* Task inputs:
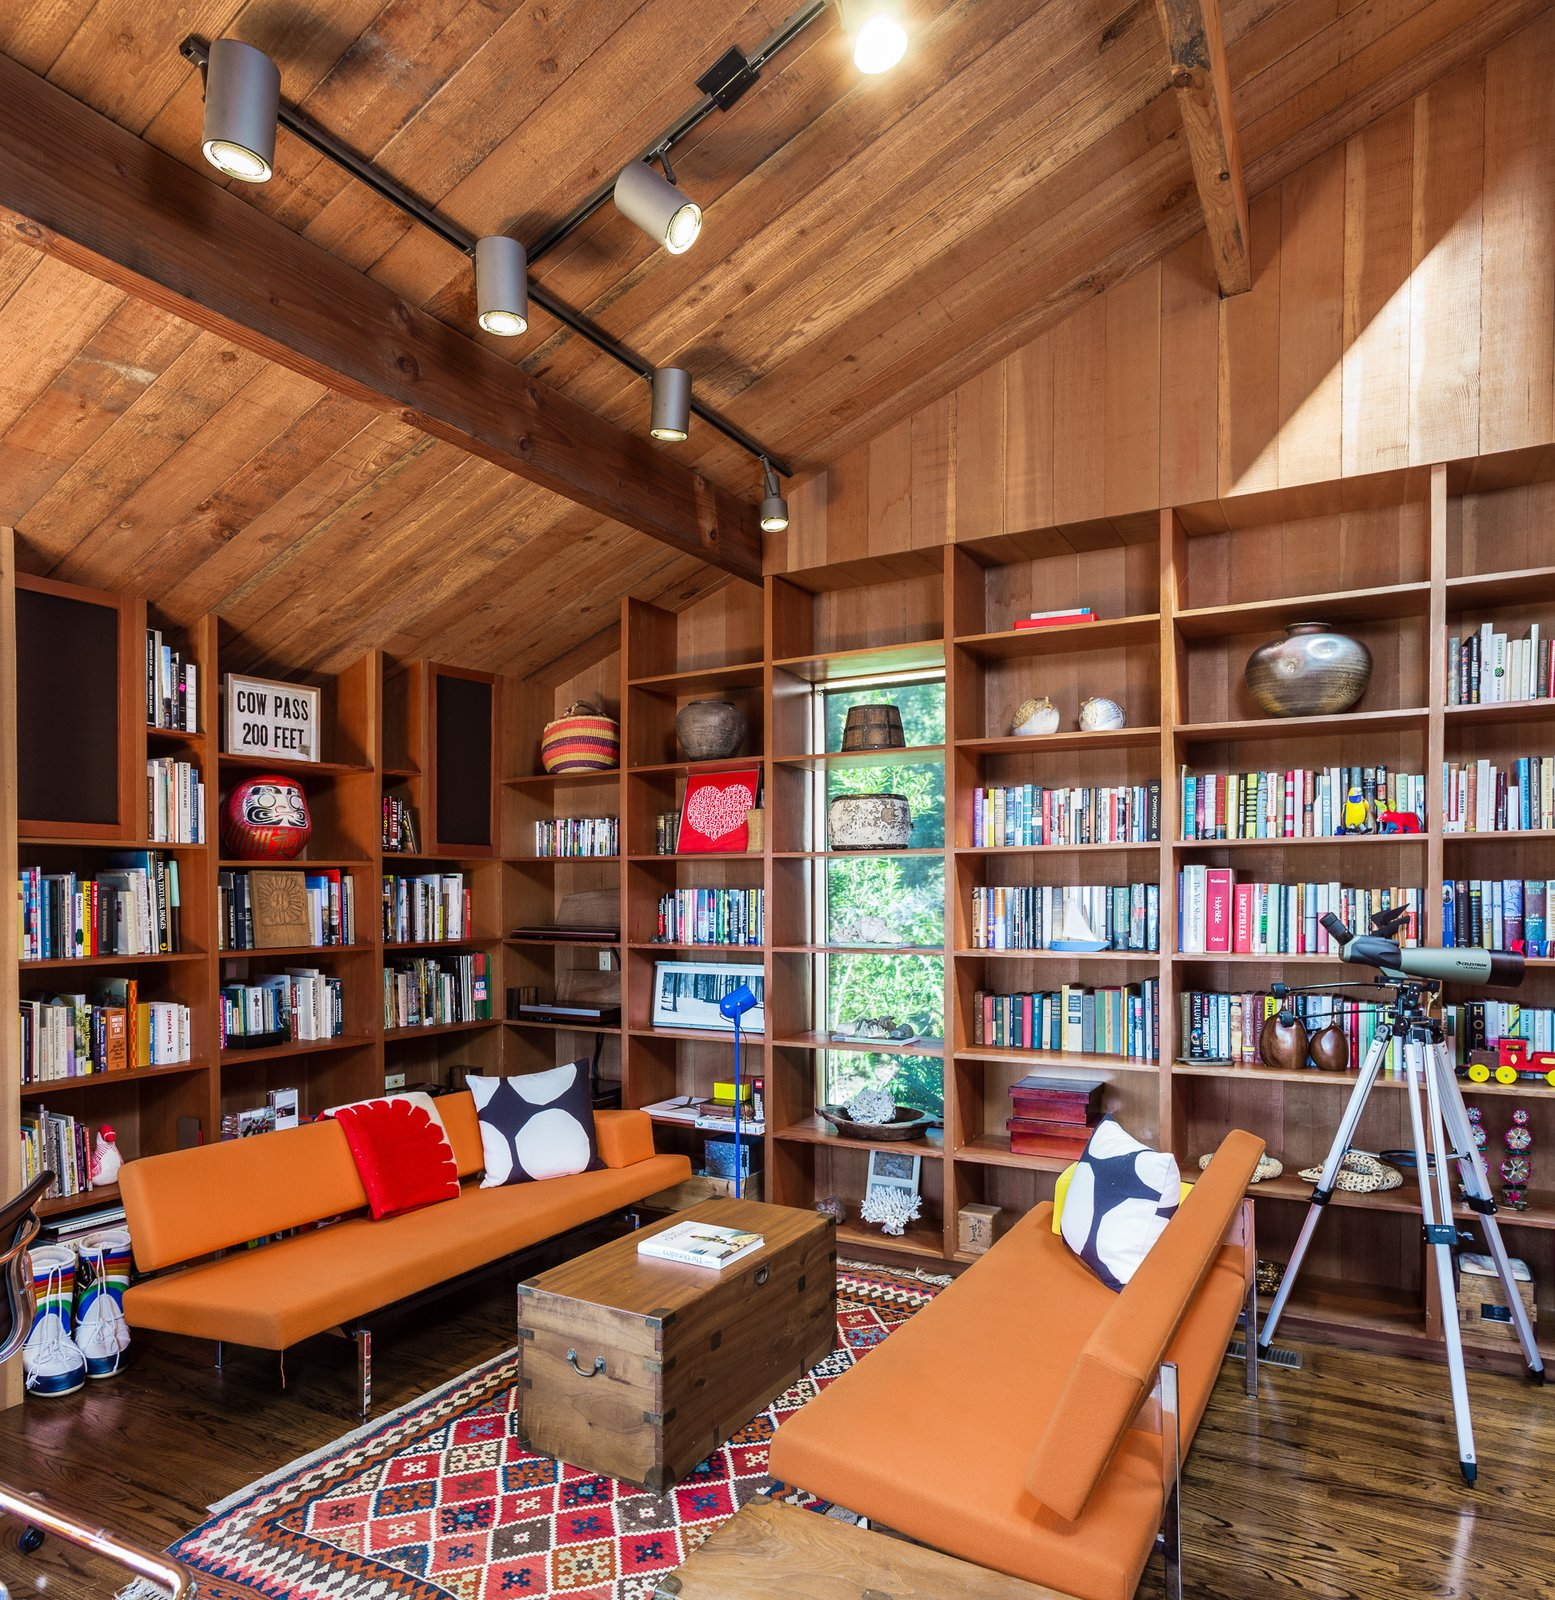 A den filled with built-in bookshelves.
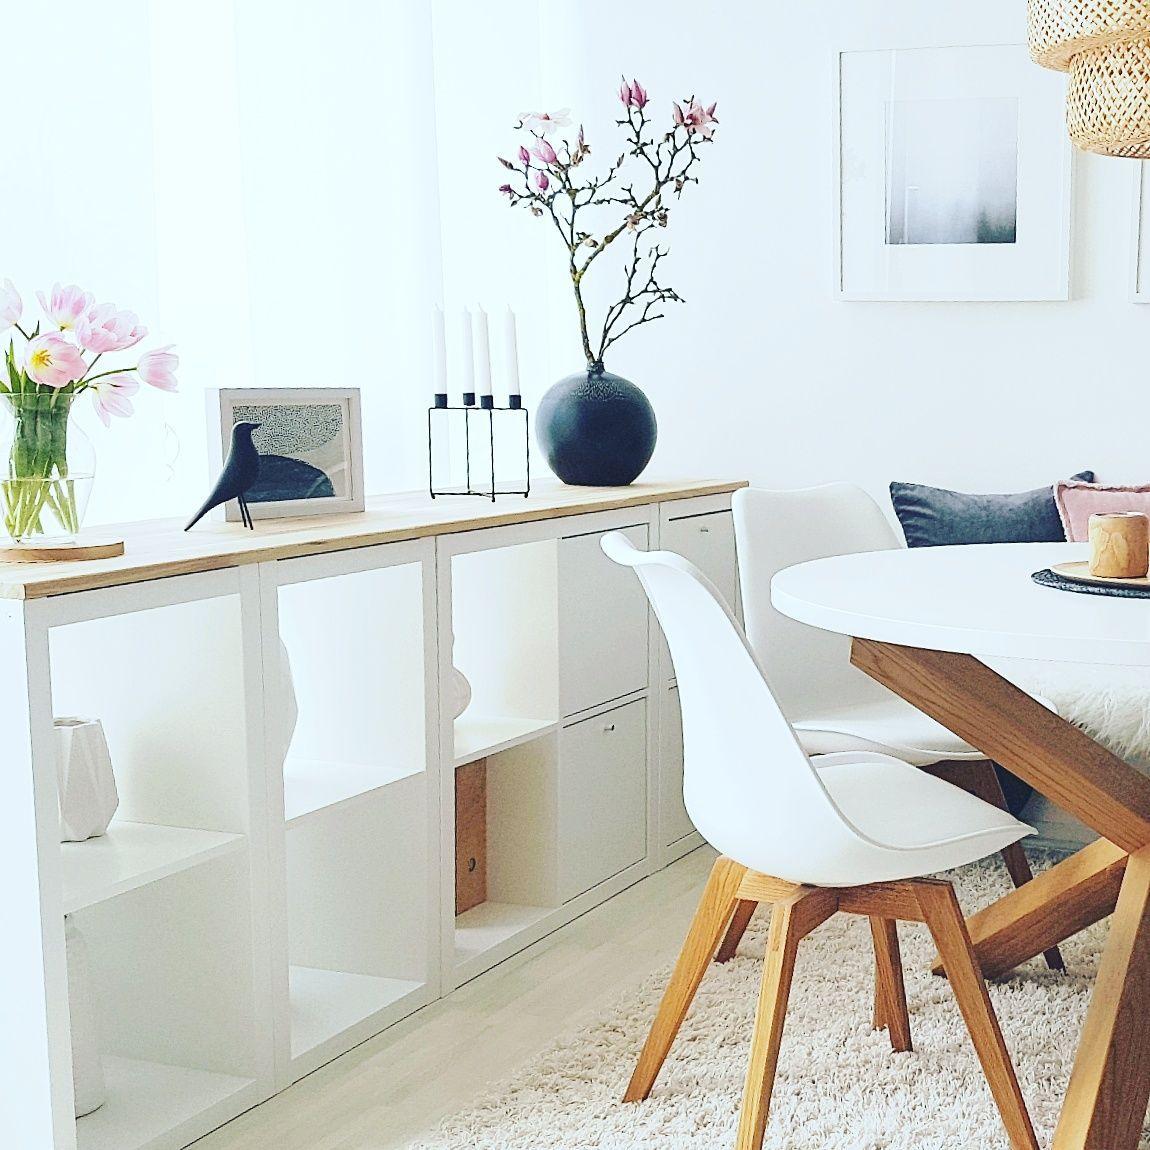 die ikea kallax serie seite 2. Black Bedroom Furniture Sets. Home Design Ideas
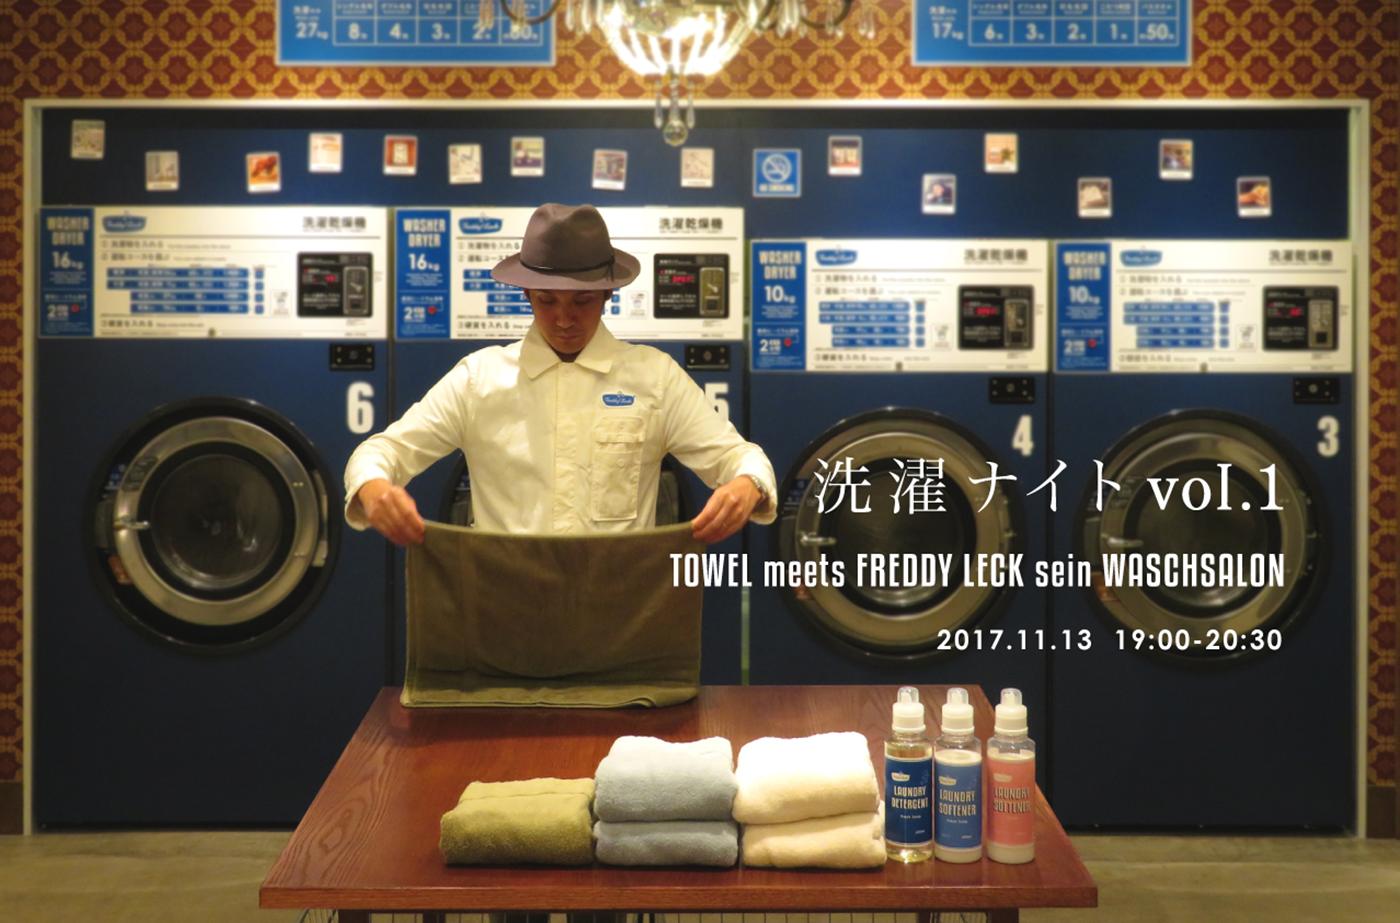 Freddy Leck Sein Waschsalon くらしの丁度品店 洗濯ナイト vol 1 towel meets freddy leck sein
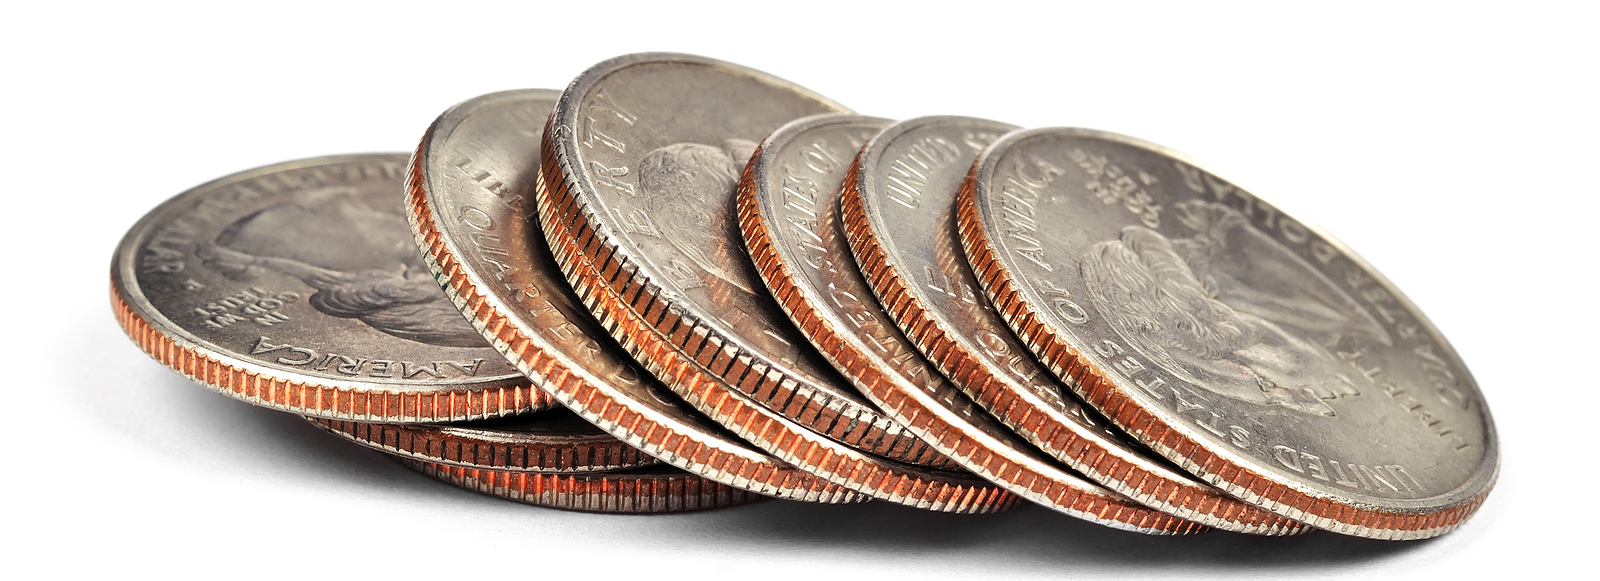 quarter-coins2.png
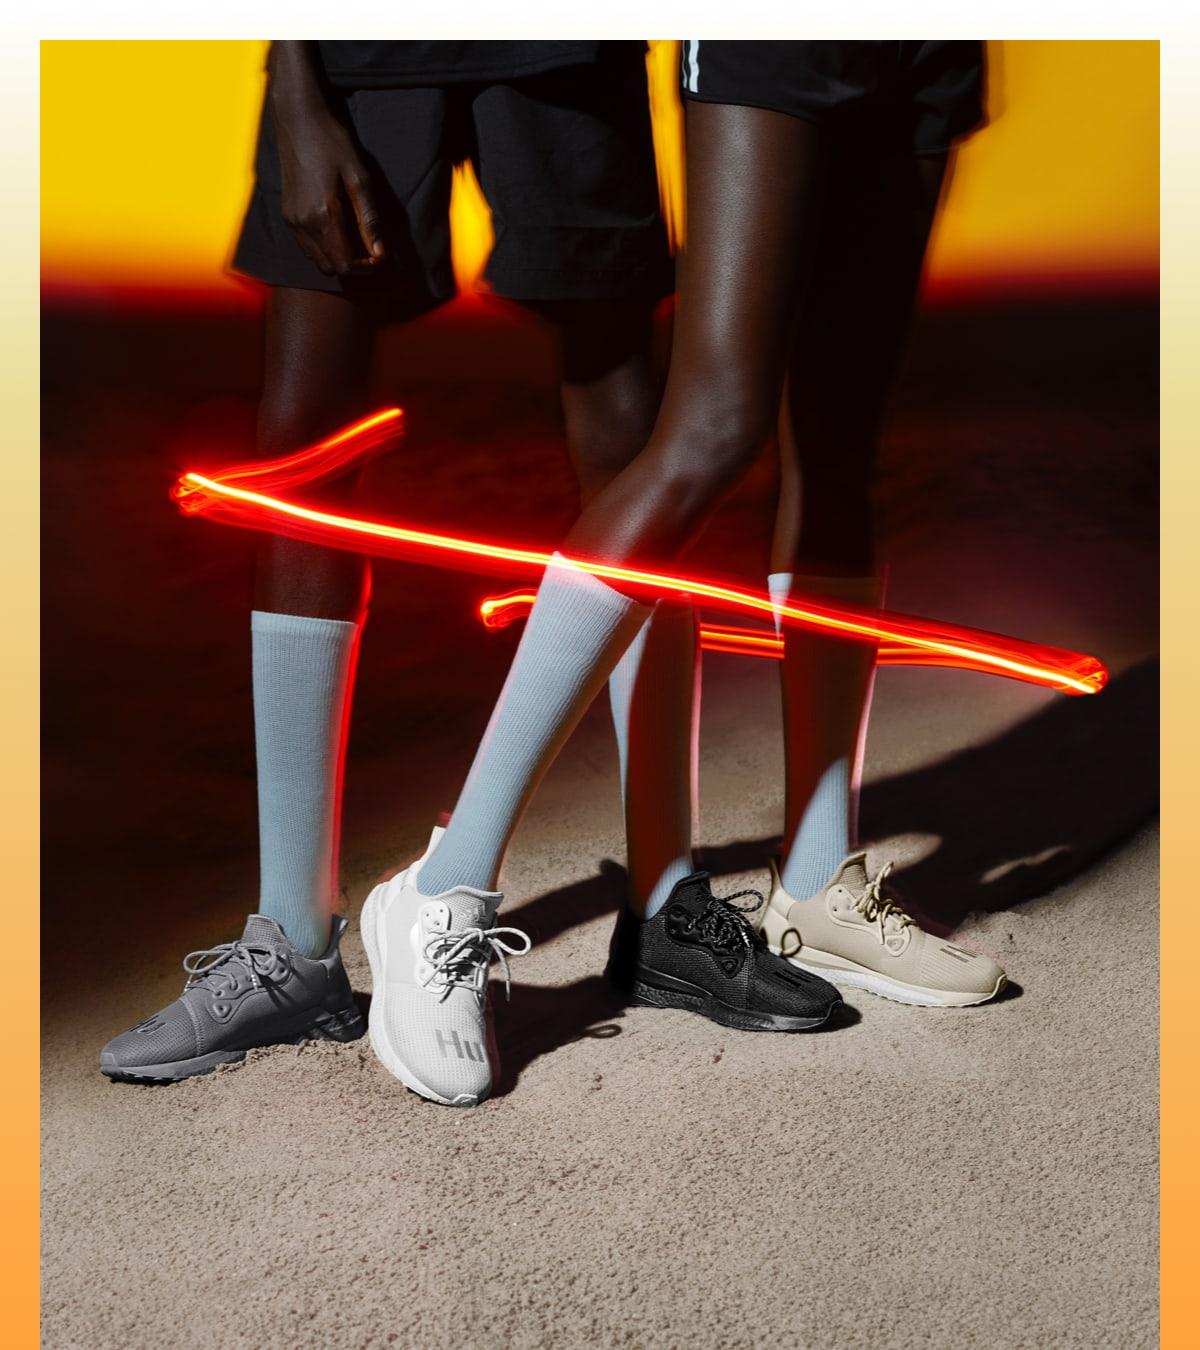 Adidas By Adidas Pharrell Pharrell By WilliamsDe Adidas By Adidas Pharrell WilliamsDe WilliamsDe MSUVzp

* Try it:
Skip the pictures. Please copy exactly the lines from the one with "die ikea kallax" through the final line of the material above, both ends included.

* Solution for this task:
 die ikea kallax serie seite 2. Black Bedroom Furniture Sets. Home Design Ideas
 Freddy Leck Sein Waschsalon くらしの丁度品店 洗濯ナイト vol 1 towel meets freddy leck sein
 quarter-coins2.png
 Adidas By Adidas Pharrell Pharrell By WilliamsDe Adidas By Adidas Pharrell WilliamsDe WilliamsDe MSUVzp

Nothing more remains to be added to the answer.